Глава одиннадцатая

Анатолий Резнер
*
Рождённому дважды цель жизни ясна
*

Проснулся Альберт в шесть часов утра. Скарлатина оставила память на всю жизнь - он был глух на левое ухо как тетерев в брачный период. Будильник прозвенел, но он и бровью не повел - спал как убитый.

Рената вынуждена была караулить благоверного, чтобы не просыпал. Заслышав пронзительный звонок, она непременно пугалась, подскакивала в постели, чертыхалась, усмиряя бесноватый механизм и переполошившееся сердце, потом принималась будить непрошибаемого мужа, утреннее спокойствие которого и манера полежать в кровати лишние пять-десять минут раздражали сверх меры.

Так было и на этот раз - справившись с испугом, она прилегла, тронула его за плечо:

- Аля, вставай, пора на работу... Ты слышишь? Вставай!..

Альберт мыкнул в ответ, но продолжал лежать, борясь со сном, а через несколько минут и вовсе всхрапнул.

Ренате подниматься через полчаса, хотя на работу ей не к восьми, как ему, а только к девяти. Она никогда не выходила из дома неопрятной - каждое утро выстаивала перед зеркалом, создавая искусным макияжем образ современной женщины, счастливой семейной жизнью. Отчасти так оно и было. В остальном всё тонуло в иллюзорных представлениях. И всё же она и одевалась со вкусом, предпочитая классический стиль, где мешковатость и бесформенность исключены напрочь. Всё это, конечно же, в пределах возможного. Она ведь не жена миллионера.

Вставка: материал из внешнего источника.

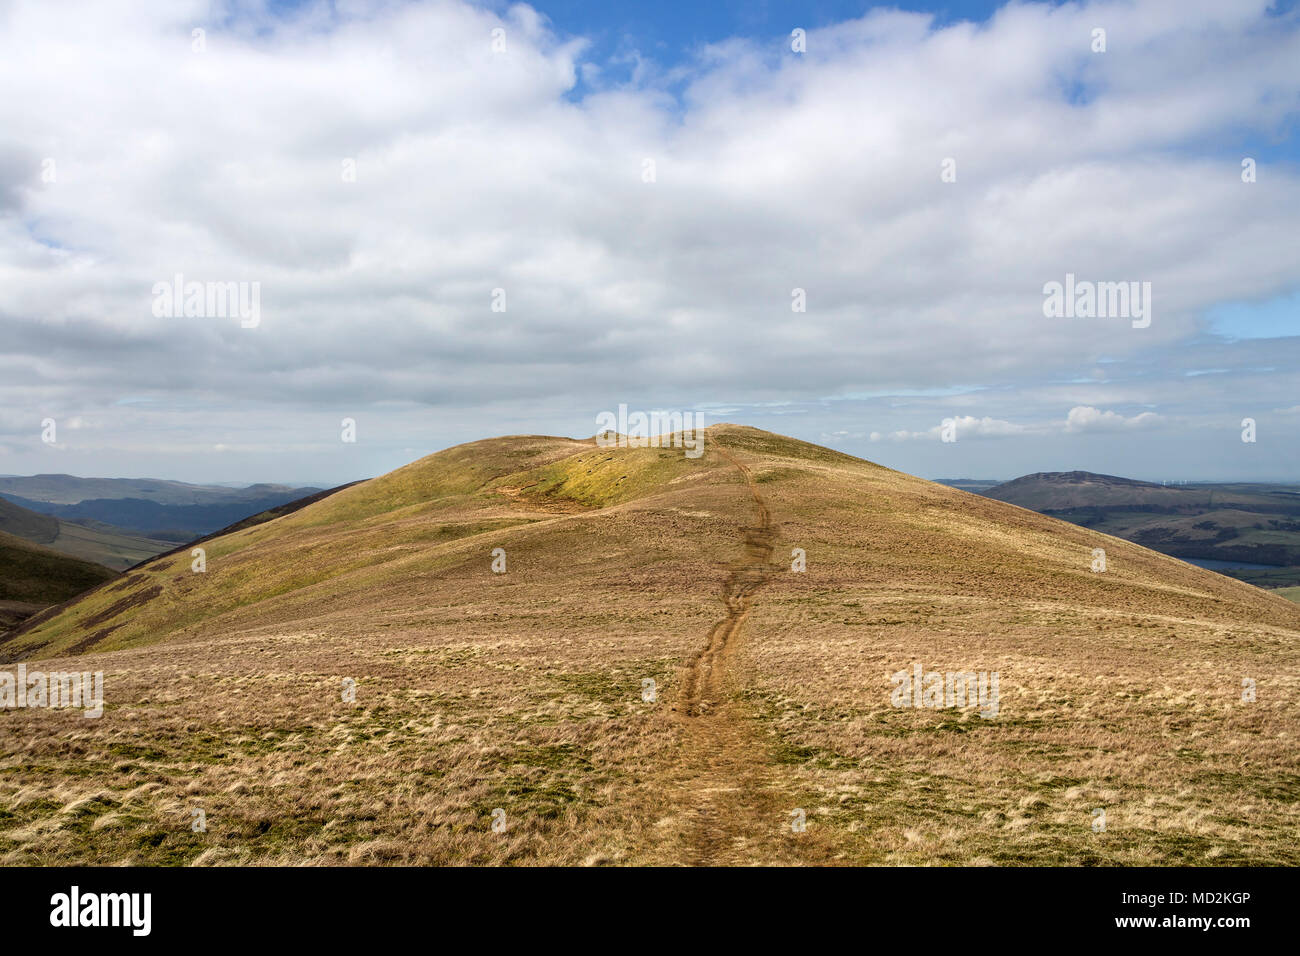 The Summit of Meal Fell from the Slopes of Great Sca Fell, Uldale Fells, Lake District, Cumbria, UK Stock Photo

Альберту нравилось видеть её красивой, элегантной и строгой дамой. Большинство мужчин предпочитает любить раскованных женщин, а жить - с консервативными. Красивых им подавай всегда. С утра до вечера двойными порциями. Рената изо всех сил старалась расширить рамки стиля, чтобы подчеркнуть женственность и красоту фигуры, получить удовольствие, поскольку внимание мужа не рассеивалось по сторонам, особенно когда они шли по улице, наводнённой шнырявшими по магазинам расфуфыренными красотками, его внимание было приковано к ней, оно льстило ей, открывало свободу духа, питало уверенность, выводило на простор творчества - какая идиотка откажется от такой благости? Благодаря вниманию мужа  Рената быстро научилась кроить, шить и вязать, используя новейшие журналы мод как музыкант ноты. Подруги быстро раскусили, откуда она брала изумительные модели. Но Рената вынуждена была огорчить их - не гналась она ни за славой, ни за длинным рублём, да и плодить ширпотреб желания у неё тоже не возникало. Было желание творить себя и только себя, кому непонятно - не её проблемы.

Подруги обижались. Пробовали подъехать с разных сторон - бесполезно. Пытались сами научиться - руки не отттуда выросли. Дули губы и шныряли по рынку залежалого товара.
Да, Рената заботилась о поддержании имиджа светской дамы, посвящая ему свободные от неотложных домашних дел вечера, выходные и даже отпуска. Чаще всего, правда, бросала всё к чёртовой матери, раскладывала по гостиной газетные вырезки, календарные листочки, журналы, выкройки, принималась выбирать, комбинировать, выдумывать, колдовать. На вопросы Альберта, думает ли она прерваться хотя бы на час, чтобы приготовить семье что-нибудь вкусненькое, отвечала раздражённо, как всякий творческий индивидуум, которого сбивают с мысли по пустякам: "Отстань, чего пристал? Сам ничего не делаешь и мне мешаешь. Хочешь, чтобы всё это я покупала в магазинах? А деньги у тебя есть?.."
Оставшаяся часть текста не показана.